■ **Data to examine**:

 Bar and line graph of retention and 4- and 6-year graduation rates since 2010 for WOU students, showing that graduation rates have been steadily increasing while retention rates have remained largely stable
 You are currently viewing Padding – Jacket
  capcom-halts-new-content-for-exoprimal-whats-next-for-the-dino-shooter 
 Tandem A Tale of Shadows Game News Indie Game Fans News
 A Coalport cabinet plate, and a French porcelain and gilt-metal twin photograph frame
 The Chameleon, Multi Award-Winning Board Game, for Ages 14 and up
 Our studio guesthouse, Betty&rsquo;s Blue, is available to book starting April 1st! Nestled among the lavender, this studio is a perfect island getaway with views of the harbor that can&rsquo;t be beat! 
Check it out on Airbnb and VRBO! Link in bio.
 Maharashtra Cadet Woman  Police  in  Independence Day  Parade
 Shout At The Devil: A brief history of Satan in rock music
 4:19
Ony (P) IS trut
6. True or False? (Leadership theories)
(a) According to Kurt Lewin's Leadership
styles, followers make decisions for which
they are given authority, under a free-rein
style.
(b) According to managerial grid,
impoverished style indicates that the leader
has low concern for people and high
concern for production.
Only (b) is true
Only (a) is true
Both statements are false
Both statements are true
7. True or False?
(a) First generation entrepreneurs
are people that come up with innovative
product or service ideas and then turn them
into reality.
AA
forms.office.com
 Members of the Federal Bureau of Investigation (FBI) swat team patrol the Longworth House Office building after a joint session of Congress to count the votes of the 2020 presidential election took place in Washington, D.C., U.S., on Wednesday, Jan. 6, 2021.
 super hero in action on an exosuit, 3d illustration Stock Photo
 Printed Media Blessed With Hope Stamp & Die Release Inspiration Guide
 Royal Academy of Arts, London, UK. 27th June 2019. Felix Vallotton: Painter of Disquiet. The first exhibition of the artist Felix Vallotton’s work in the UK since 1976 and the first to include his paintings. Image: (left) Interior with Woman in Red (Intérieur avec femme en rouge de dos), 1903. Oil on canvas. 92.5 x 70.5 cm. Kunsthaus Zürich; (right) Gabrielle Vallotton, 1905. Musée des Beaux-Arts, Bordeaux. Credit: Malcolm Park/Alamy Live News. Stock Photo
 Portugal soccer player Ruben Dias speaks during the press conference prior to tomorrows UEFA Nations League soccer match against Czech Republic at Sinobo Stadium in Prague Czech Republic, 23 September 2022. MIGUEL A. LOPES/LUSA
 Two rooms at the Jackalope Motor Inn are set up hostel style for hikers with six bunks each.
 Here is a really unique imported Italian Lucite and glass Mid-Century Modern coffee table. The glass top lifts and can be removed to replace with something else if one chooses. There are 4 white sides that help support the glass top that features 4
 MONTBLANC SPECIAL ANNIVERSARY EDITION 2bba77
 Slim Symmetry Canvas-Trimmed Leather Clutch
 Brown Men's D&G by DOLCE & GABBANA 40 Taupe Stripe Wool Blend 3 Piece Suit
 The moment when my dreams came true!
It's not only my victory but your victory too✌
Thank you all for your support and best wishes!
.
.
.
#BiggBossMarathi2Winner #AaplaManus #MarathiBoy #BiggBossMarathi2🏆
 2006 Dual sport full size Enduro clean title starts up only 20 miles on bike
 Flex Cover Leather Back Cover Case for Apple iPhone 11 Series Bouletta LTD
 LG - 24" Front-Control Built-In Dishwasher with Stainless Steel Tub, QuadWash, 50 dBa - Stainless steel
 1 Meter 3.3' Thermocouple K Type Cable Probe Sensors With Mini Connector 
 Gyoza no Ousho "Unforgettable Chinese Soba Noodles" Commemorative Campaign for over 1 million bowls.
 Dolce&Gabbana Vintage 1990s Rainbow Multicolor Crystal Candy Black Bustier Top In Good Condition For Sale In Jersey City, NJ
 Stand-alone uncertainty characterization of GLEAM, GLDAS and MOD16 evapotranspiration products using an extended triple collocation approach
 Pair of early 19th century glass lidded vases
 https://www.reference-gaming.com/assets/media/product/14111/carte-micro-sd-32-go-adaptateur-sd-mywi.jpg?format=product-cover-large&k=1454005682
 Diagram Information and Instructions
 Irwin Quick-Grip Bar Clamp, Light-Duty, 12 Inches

■ **What to produce**: Lines from the one containing "It's not only" through the end of the data above must be written out exactly, and no other lines are needed.

■ **Solution for this exercise**:
It's not only my victory but your victory too✌
Thank you all for your support and best wishes!
.
.
.
#BiggBossMarathi2Winner #AaplaManus #MarathiBoy #BiggBossMarathi2🏆
 2006 Dual sport full size Enduro clean title starts up only 20 miles on bike
 Flex Cover Leather Back Cover Case for Apple iPhone 11 Series Bouletta LTD
 LG - 24" Front-Control Built-In Dishwasher with Stainless Steel Tub, QuadWash, 50 dBa - Stainless steel
 1 Meter 3.3' Thermocouple K Type Cable Probe Sensors With Mini Connector 
 Gyoza no Ousho "Unforgettable Chinese Soba Noodles" Commemorative Campaign for over 1 million bowls.
 Dolce&Gabbana Vintage 1990s Rainbow Multicolor Crystal Candy Black Bustier Top In Good Condition For Sale In Jersey City, NJ
 Stand-alone uncertainty characterization of GLEAM, GLDAS and MOD16 evapotranspiration products using an extended triple collocation approach
 Pair of early 19th century glass lidded vases
 https://www.reference-gaming.com/assets/media/product/14111/carte-micro-sd-32-go-adaptateur-sd-mywi.jpg?format=product-cover-large&k=1454005682
 Diagram Information and Instructions
 Irwin Quick-Grip Bar Clamp, Light-Duty, 12 Inches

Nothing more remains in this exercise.